The issue is also starting to see some push coming from the public; many consumers are increasingly favoring meat products with label claims such as “No Antibiotics Ever,” “Raised without Antibiotics,” and “No Added Antibiotics.” But such all-or-nothing approaches are probably not the solution — after all, just like humans, animals also sometimes get sick and need medicine.

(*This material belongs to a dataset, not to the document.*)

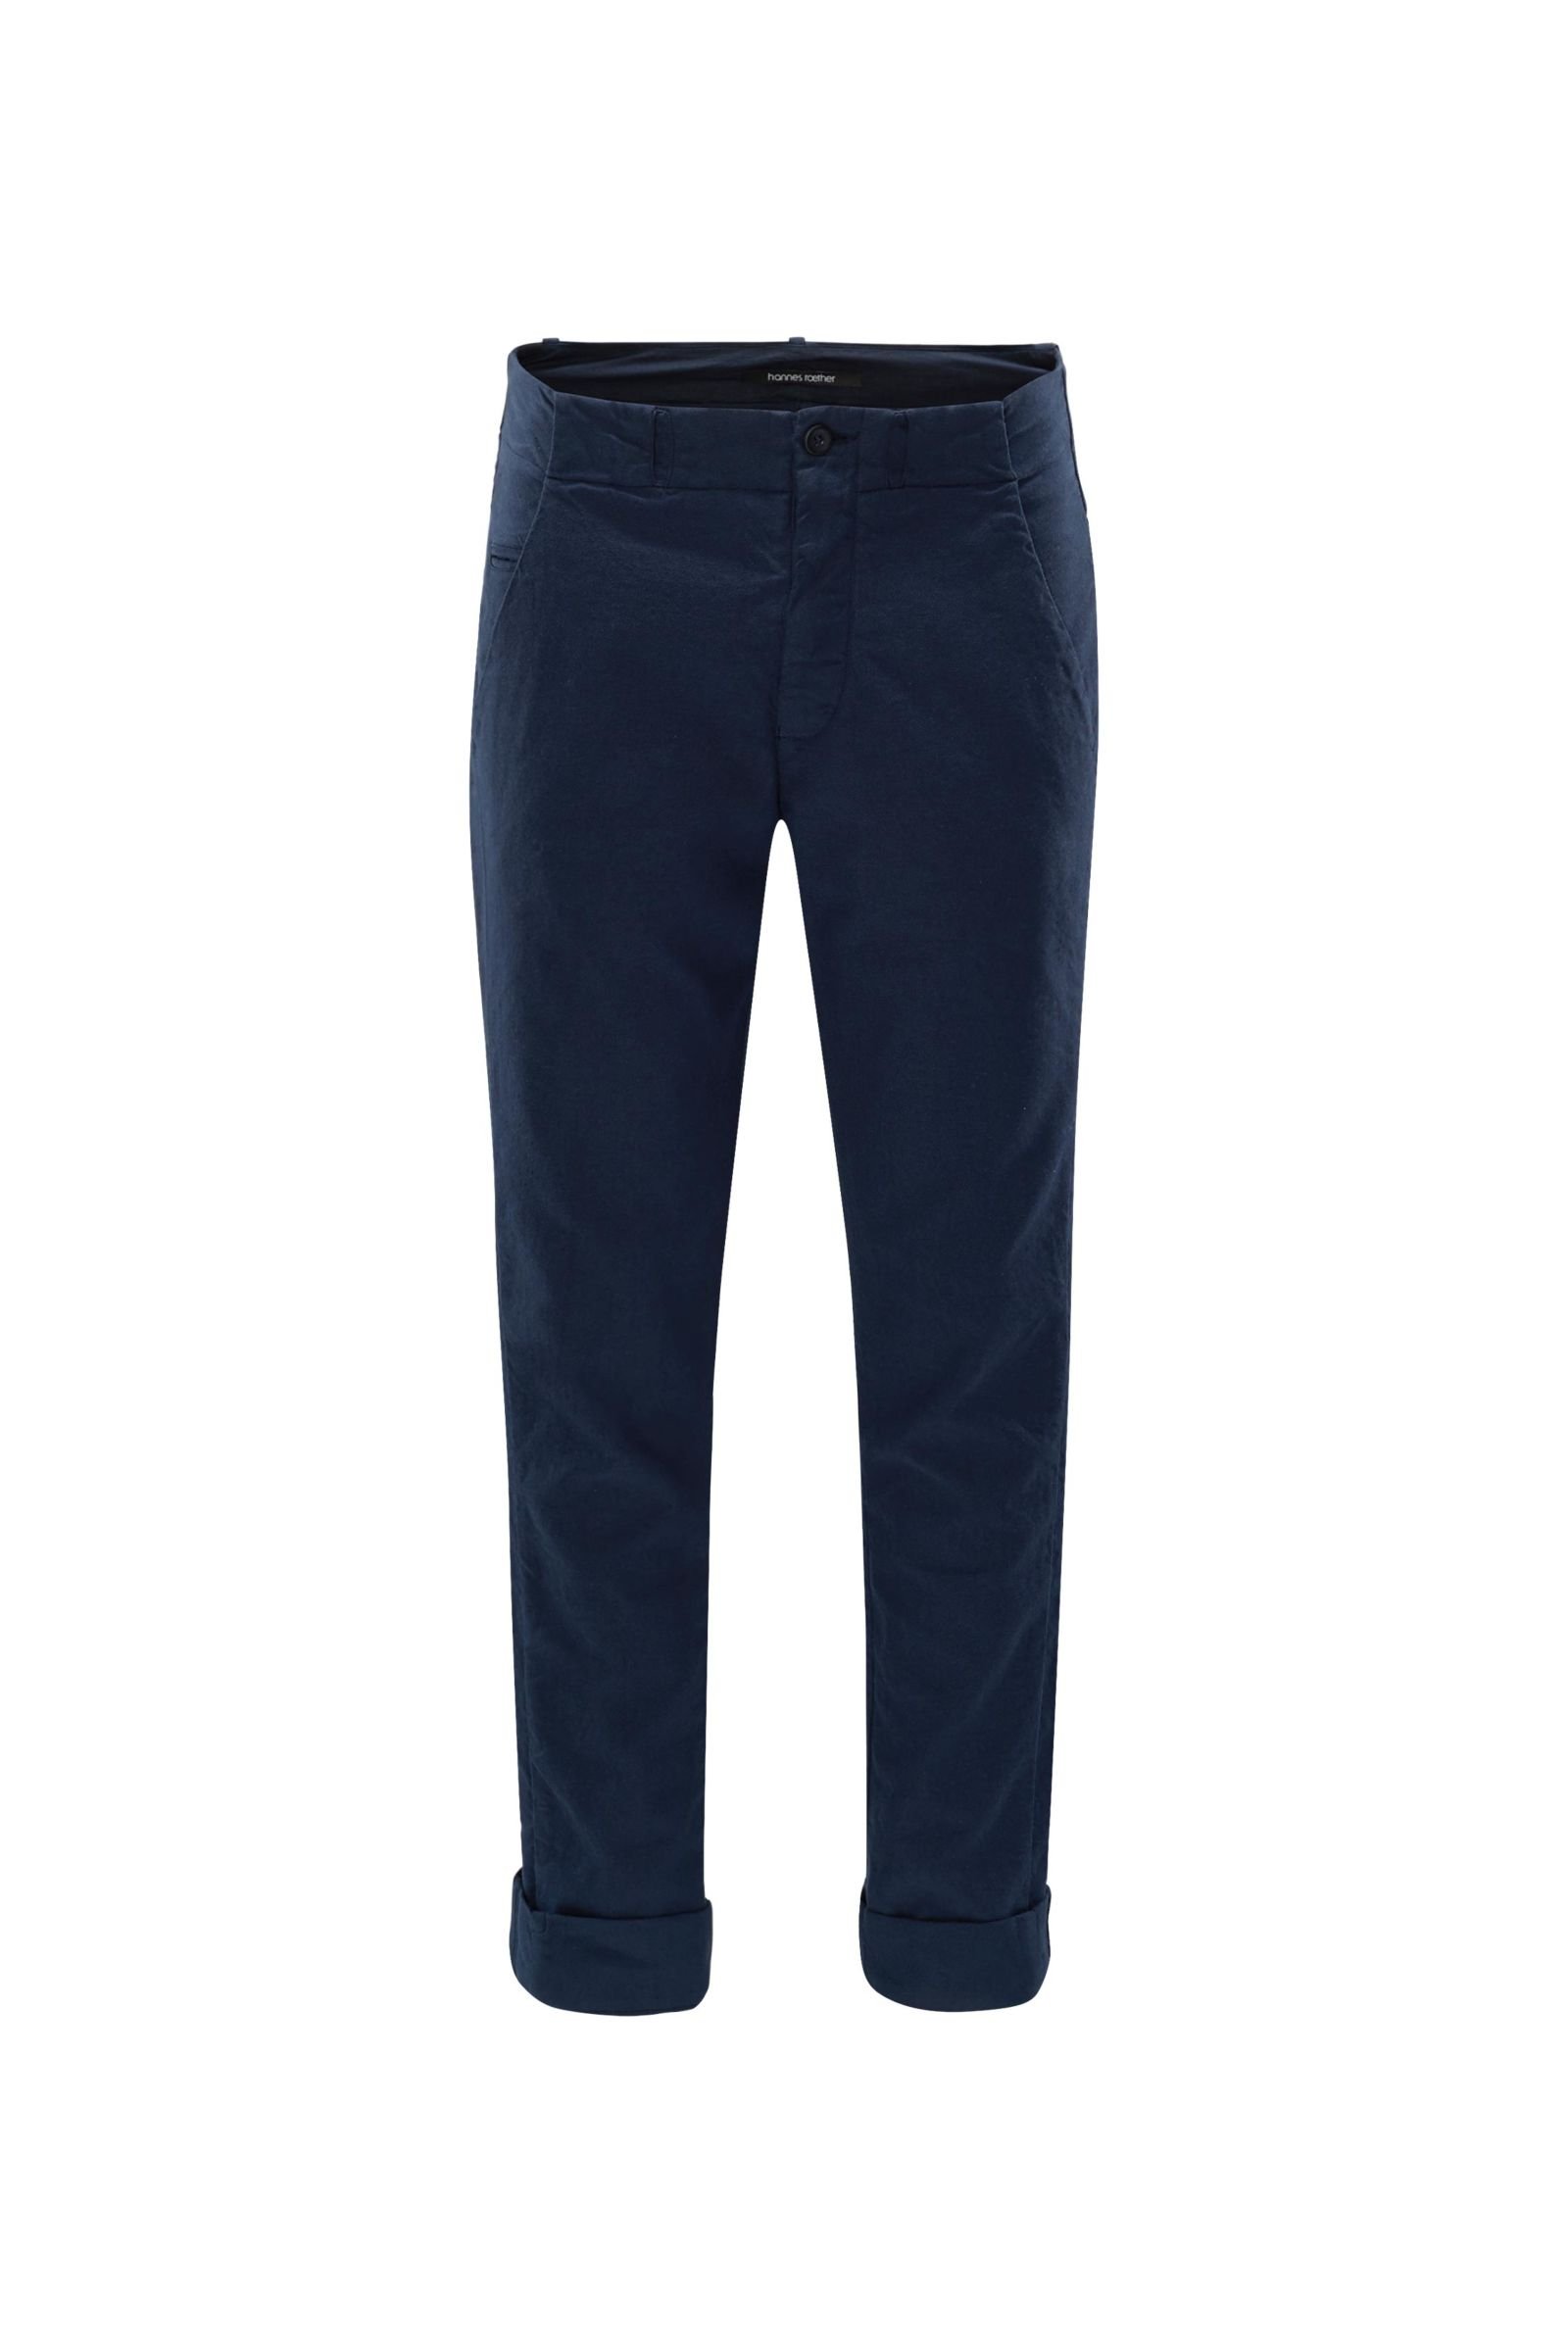 Trousers 'T21roo' navy

In a 2017 article published in Science, an international group of biologists, policy, and disease specialists proposed a three-pronged approach to reducing antimicrobial use in livestock in order to mitigate the development of drug-resistant infections in humans and animals. Through a combination of policies that cap permissible levels of veterinary antibiotic consumption, reduce meat consumption, and raise the cost of veterinary antimicrobials, the global use of antimicrobials in food animals could be lowered by as much as 80% by 2030. Even if only the countries in the Organization for Economic Cooperation and Development (OECD) and China implemented just some of these strategies, global antimicrobial use in animals could be reduced by as much as 60%.